April 26, 2007
Accra, Ghana
She was taller than me in her high heels and too much bad red lipstick made her mouth into rubber. Hair dyed an orangey copper. I made the mistake of eye contact as she and her friend made eyes at me from a nearby table. In Africa, from a white man, a meeting of the eyes is all it takes for anyone selling anything to make their pitch. So she did.
She was bigger than me too, clumsy almost as she stood and tottered over, all smiles, hips swinging. Really, too much bad lipstick. Horn-shaped tribal scars on high cheekbones; black marks on black skin beneath eyes gone boozy with liquid courage.
Hello. Hi. How are you? Fine. I’m here with my wife. Smile vanishes, eyes widen, frightened almost. Really? Really. Gesture over my shoulder to the bar where Trish is buying gin tonics. I’m sorry. It’s no problem. She melts back into the crowded bar.
It makes no sense that I’m here; we’re with friends who know Accra for an aperitif and live music, but it’s not for fiancés. The place is half-filled with hookers; Africa-chic whores with fake hair and caked makeup and long false painted fingernails pinching cigarettes. Women smoking are never seen in the ultra-religious Ashanti culture of Kumasi, where we live, but this is an Accra drink hole, and nobody is talking about God.
Instead they’re drinking and smoking and dancing and soon many will be fucking, interracially entwined in a forbidden embrace like the yin-yang, but for a price. I never asked how much.
The other half of the bar patrons are oboronis, foreigners, white people — and they’re mostly men. And most of those men are middle-aged; slobbering geek losers from Europe and North America, with potbellies and receding hairlines and fat wallets, on a break from their jobs and their wives and their lives, wookin’ pa nub they’ve never had, that exotic chocolate love they’d never go for, let alone pay good money for, back home.
After almost four months in Africa I’ve never seen a higher concentration of whites, all of whom shelled 15,000 cedis at the gate of this open-air tavern to get in — not much, only $2, but enough to keep the riff raff who can’t afford highballs and hookers out of Broniland.
Broniland. Those places in West Africa where the oboronis go to get away from West Africa; oases of white familiarity in the desert of black chaos.
We are who we are, and we are not comfortable in Africa. It is not a place of relaxing comfort; it is an endlessly fascinating place, hot, noisy, colourful, smelly, never still. Music and laughter, machines and marketeers. Roasting meat parts and raw sewage and burning garbage. Arguments between complete strangers and loved ones. To step outside the door to your fanned room at the guest house is to invite the waiting blast of oppressive heat and the market culture that will be constantly in your face the moment you set foot in the street; people everywhere, conscious of you and the wealth your skin colour represents, for you would not be here if you did not have money to spend — so spend it on me.

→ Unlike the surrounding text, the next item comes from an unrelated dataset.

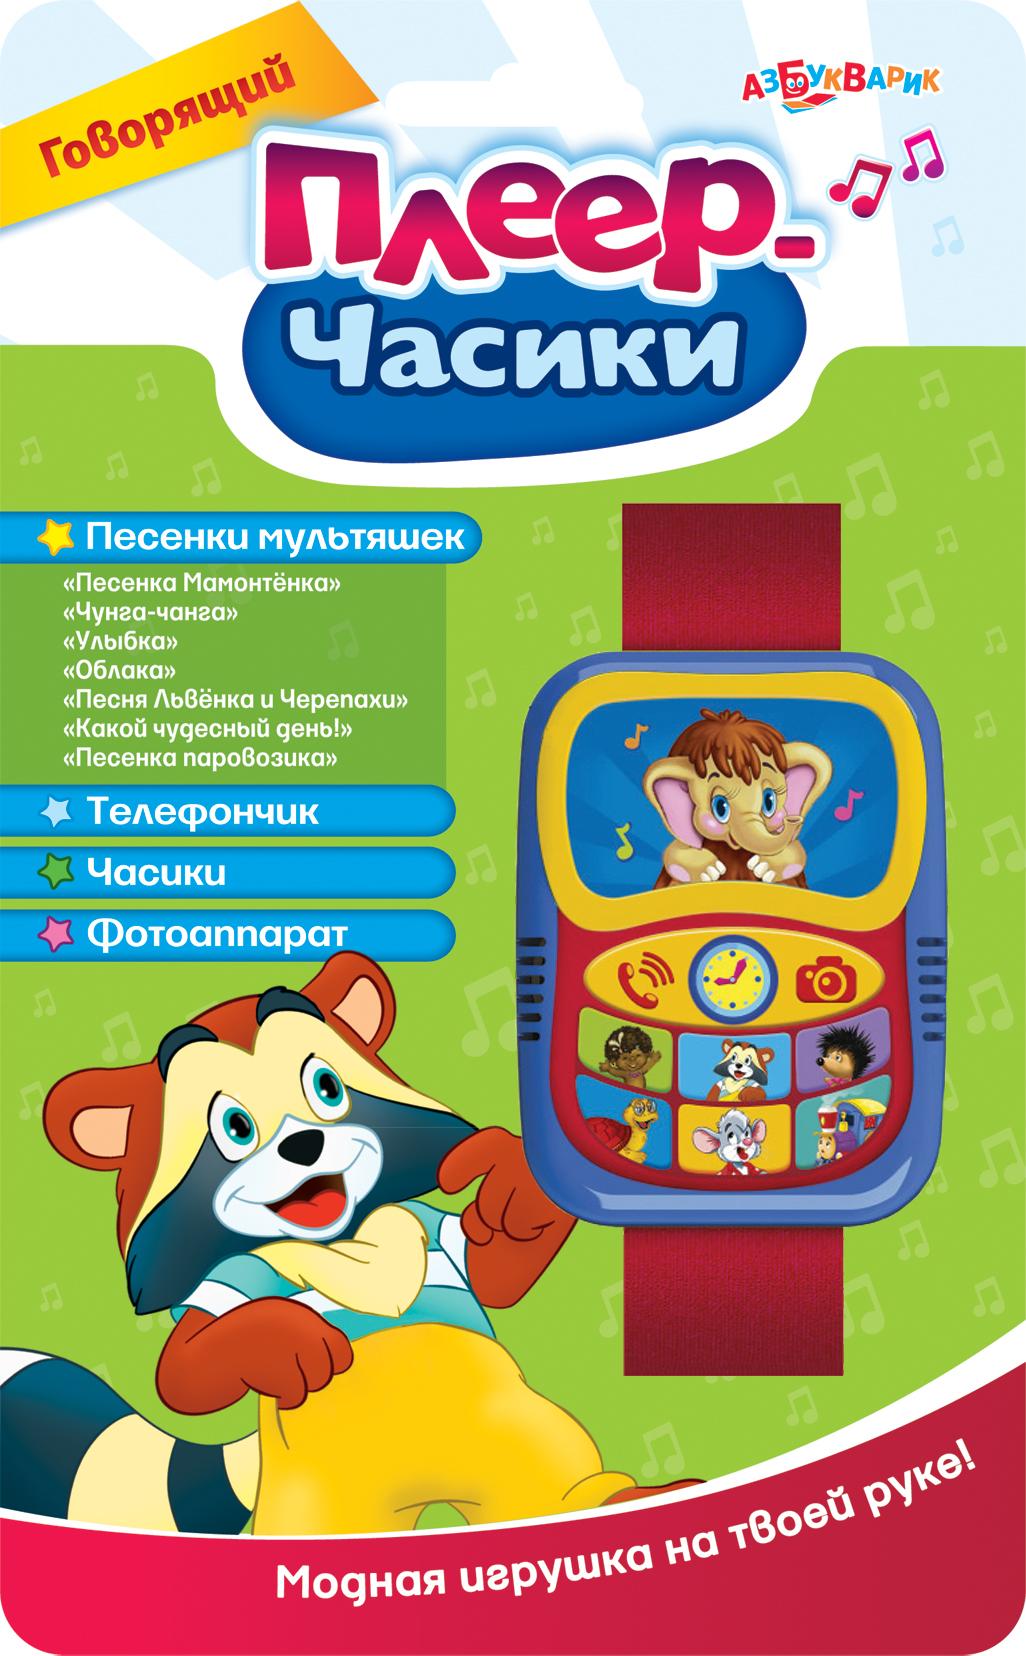 Интерактивная игрушка «Говорящий плеер-часики»Детские часы<br>Интерактивная игрушка «Говорящий плеер-часики»<br>

It fascinates but becomes overbearing, a sensory overload, except perhaps for that rare specimen of traveler who becomes so accustomed to Africa that he no longer notices.
The rest of us escape to Broniland from time to time — some more frequently and deeply than others. Those ones truly relish lying greased on a chaise-lounge beside a swimming pool at an expensive hotel patio, walled off from Africa, where the only Africans to be seen are working behind the bar or sweeping up cigarette ash. This African experience has little to do with Africa; to shop at Woolworth’s where the blast of air con at the doorway almost stops the heart, and a basted chicken roast from behind the glass refrigerator door costs more than a month’s wages for a middle-income local. You pay oboroni prices in Broniland — that’s the point.
We discover such places now and then, but we don’t cherish them. No, we duck in for a breath, for the contrast of familiar difference, then head back to the street to wait for the tro-tro crammed with locals, to find meat-on-a-stick and ignore hawkers and try polite refusals against the more persistent beggars.
Broniland is not what we came here for. But we all return there, sooner or later. G.